Live To See The Day: Coming of Age in American Poverty
Nikhil Goyal
November 10, 2024
Nikhil Goyal is a sociologist, who’s worked for Senator Bernie Sanders at the Senate Budget Committee.
He spoke about his book, Live to See the Day: Coming of Age in American Poverty.
Starting in 2015, he followed a number of youngsters growing up in Philadelphia’s Kensington neighborhood, of aging row houses, populated mostly by Latinos and African-Americans. Working class — or perhaps more accurately underclass, with poverty endemic. The housing crappy, the schools overcrowded, underfunded, and crumbling. Epitomizing the “school-to-prison” pipeline.
Ryan Rivera was not even 13 when a stupid prank, setting a fire in a trash can, resulted not merely in school disciplinary action, but bringing in the police. He would up detained, in court, then expelled from his school and sent to a “reform school” more like a prison. Run by a private for-profit company that also specializes in private prisons.
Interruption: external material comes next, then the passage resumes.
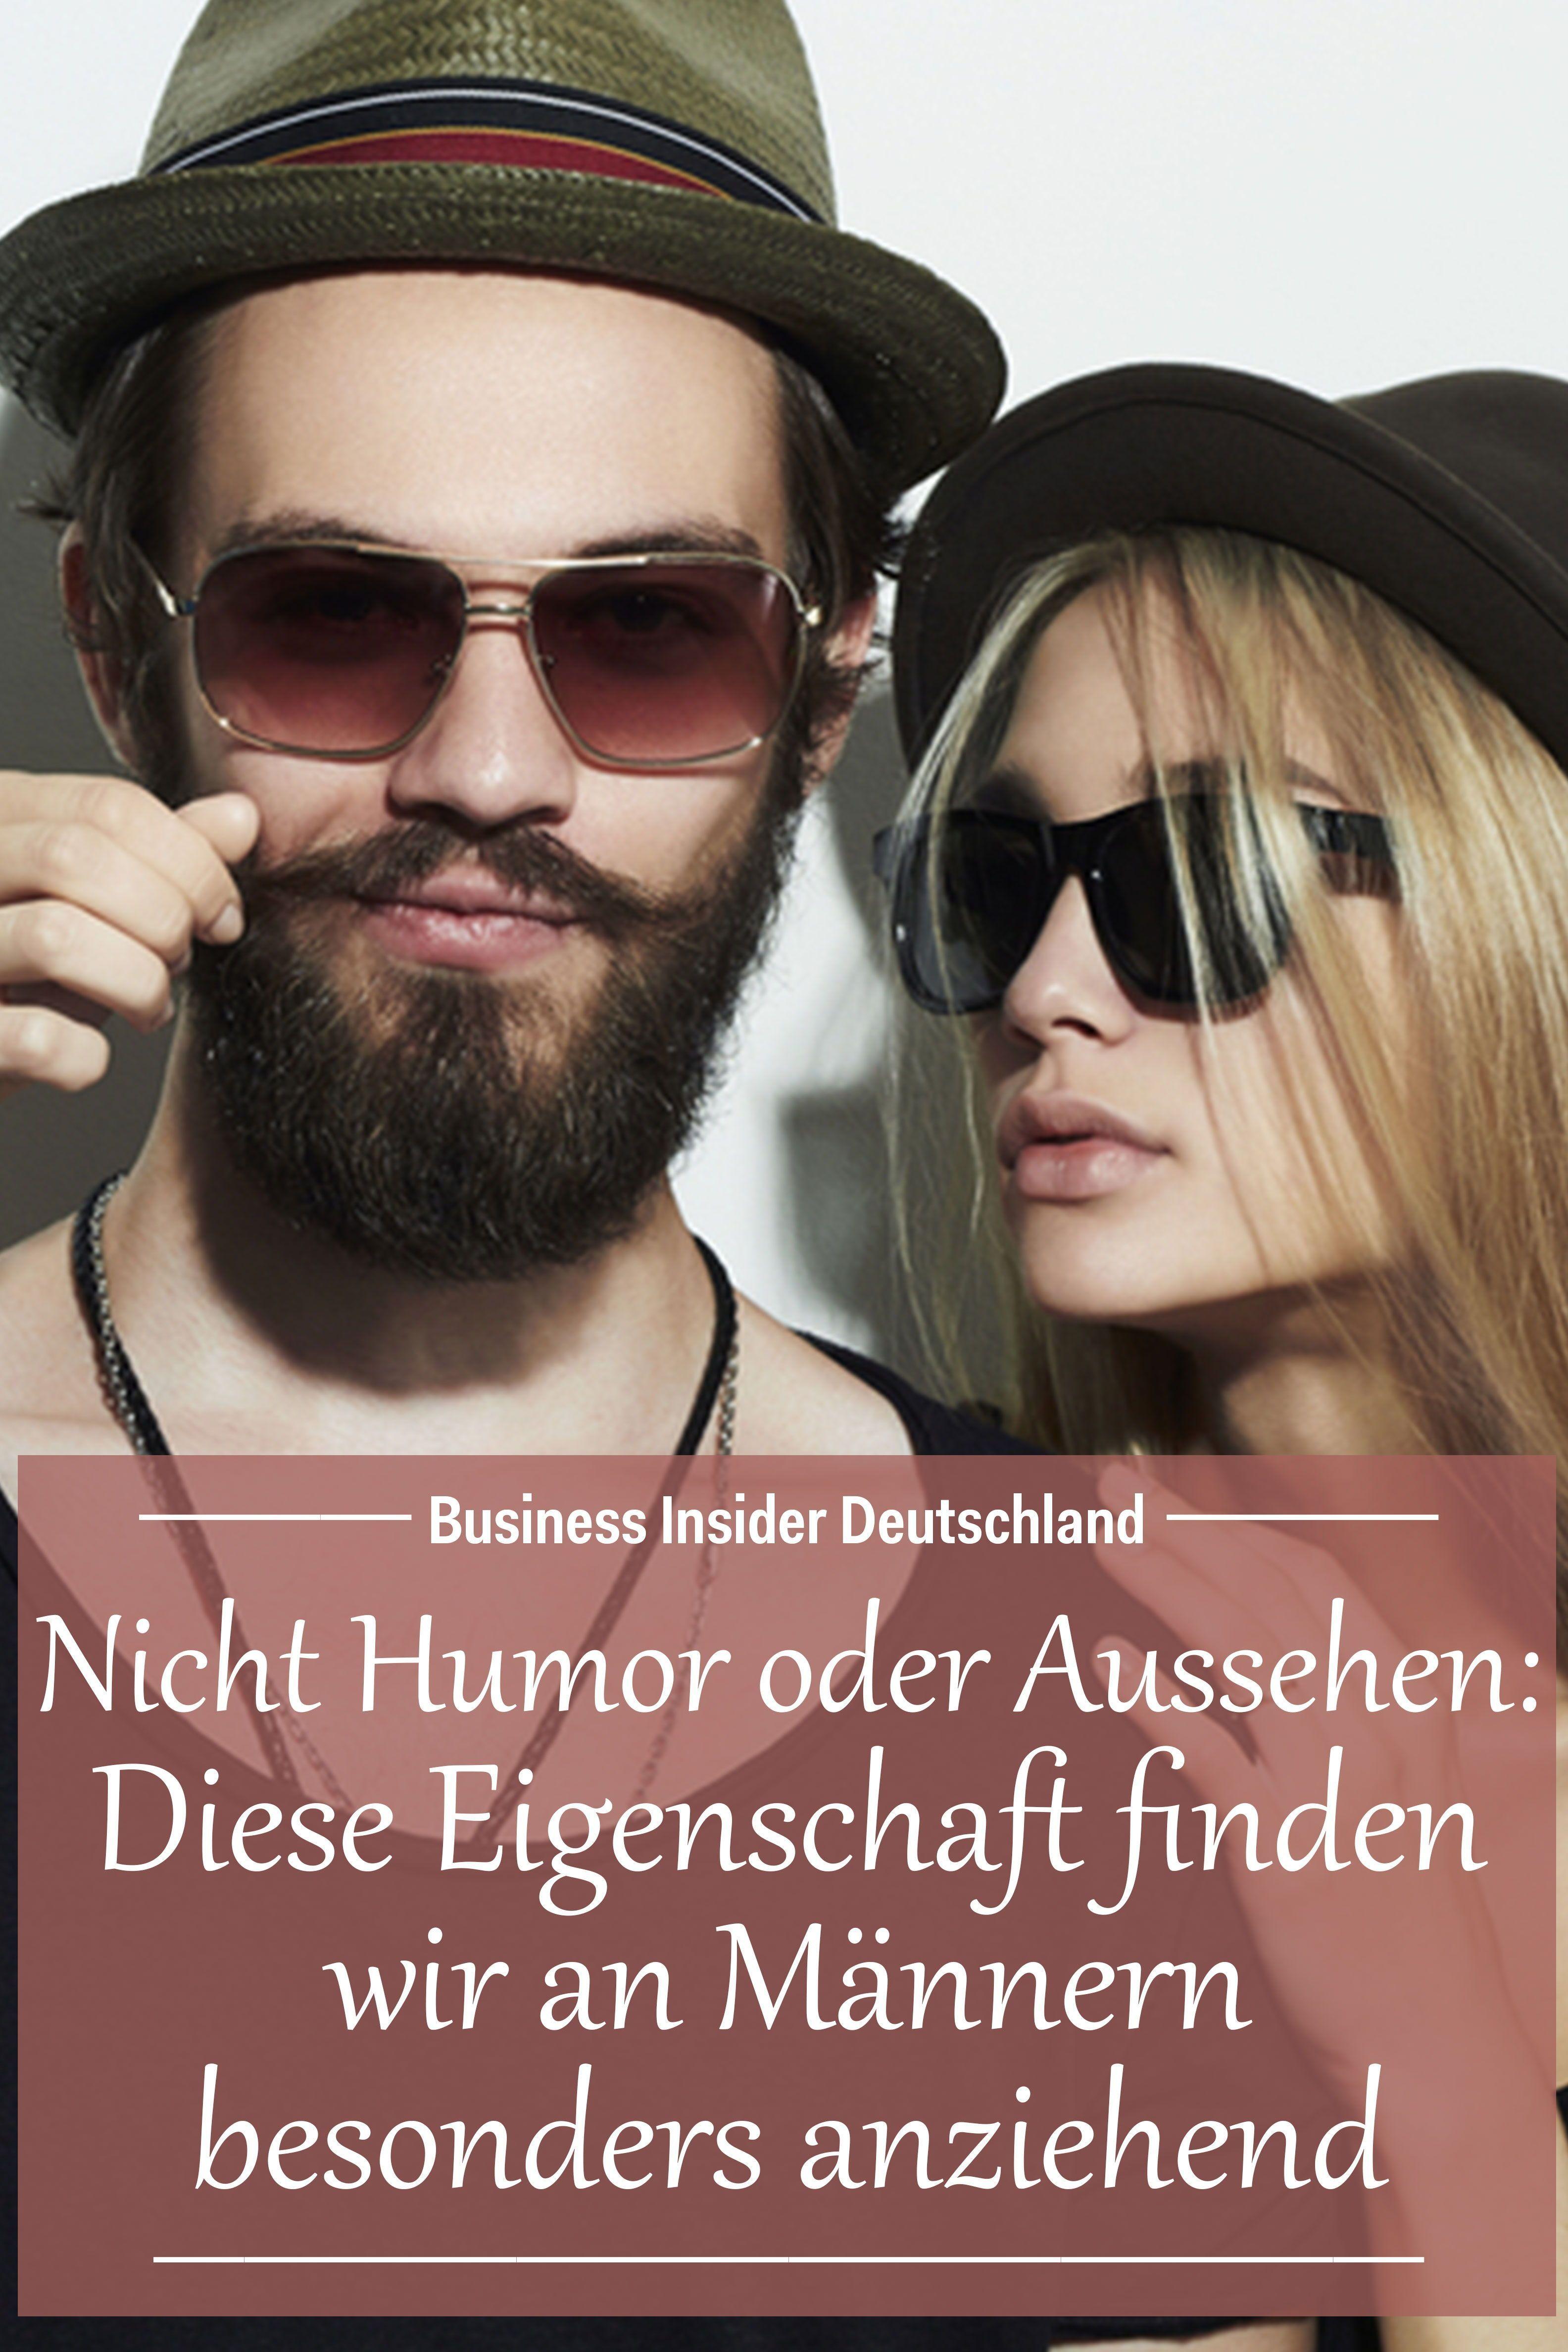 Warum deutsche Männer nicht flirten? Ein deutscher Mann kontert

Young Ryan was humiliated and profoundly frightened.
He scarcely even hoped to ever see adulthood, expecting to wind up either dead or incarcerated. Neighborhoods like his do suffer a crisis of gun violence and premature deaths. Their average lifespans are around 71 — on par with less developed countries like Egypt. Goyal suggested that all this dysfunctionality is not due to character deficiencies in people like Ryan and their families; it’s a consequence of the difficult environment they’re forced to navigate.
Ryan was actually fortunate enough to land up in a school that was good for him, and he clawed his way out of his daunting circumstances into a decent responsible adulthood. But hardly can we expect every such kid to achieve that.
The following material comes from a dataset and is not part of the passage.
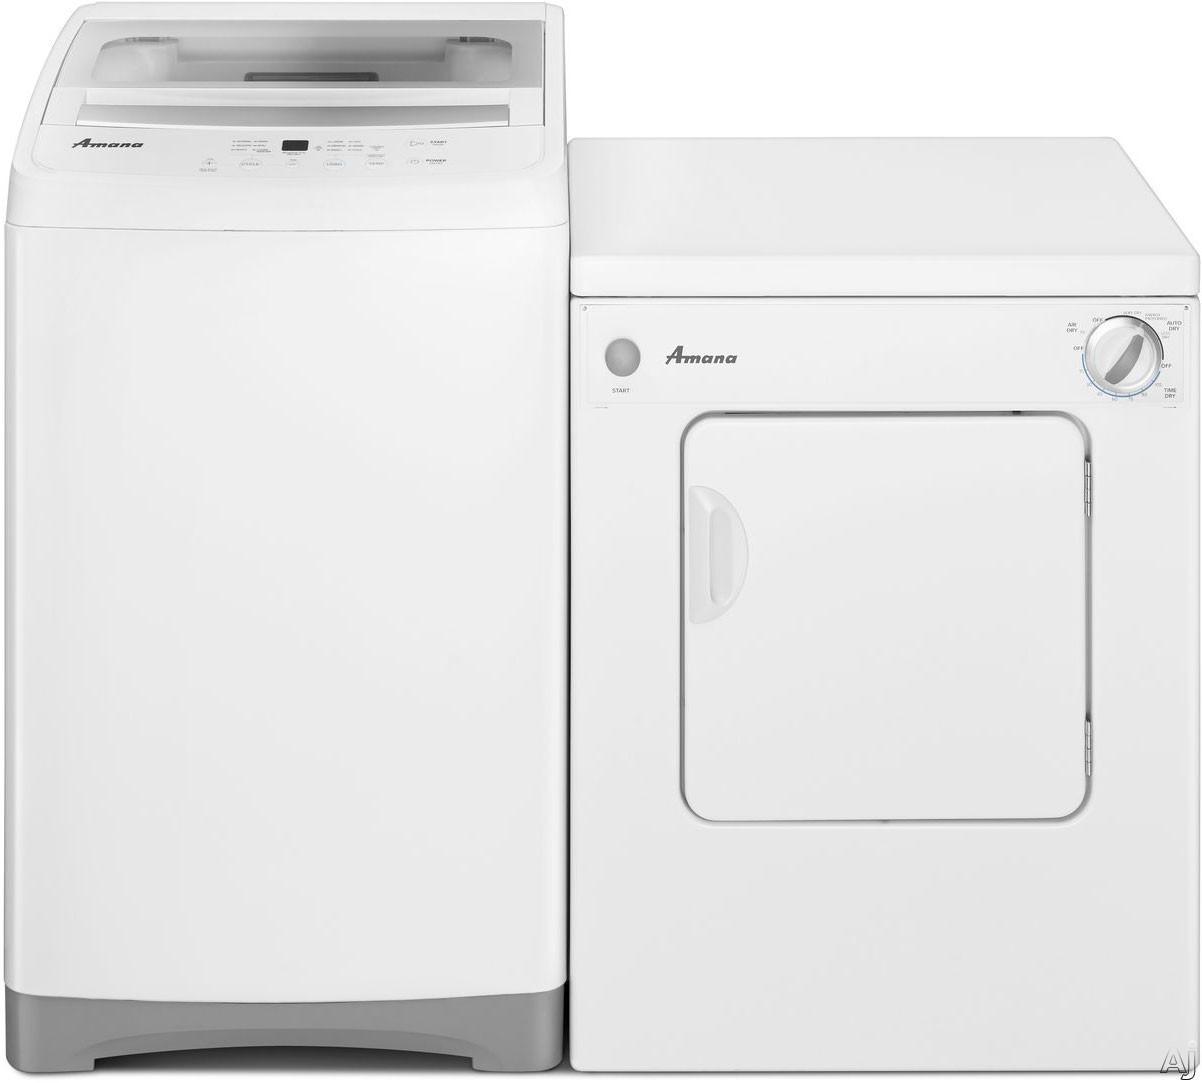 Amana Washer Dryer Sets

So what is to be done? Important though schools are, Goyal posited that fixing schools is not enough, without fixing the urban environments in which they’re embedded. He pointed to the 1996 federal welfare reform as being a setback in that regard. He also discussed President Biden’s 2021 “Build Back Better” plan, an ambitious program for the kind of renewal he envisions; it did not pass, though some elements of it did find their way into the subsequent (mis-named) “Inflation Reduction Act.” Goyal spoke of measures like a living minimum wage, universal pre-K education, revitalizing trade unions, etc. While he considers the federal government politically paralyzed now in regard to such things, he does see some progress being made at the state level.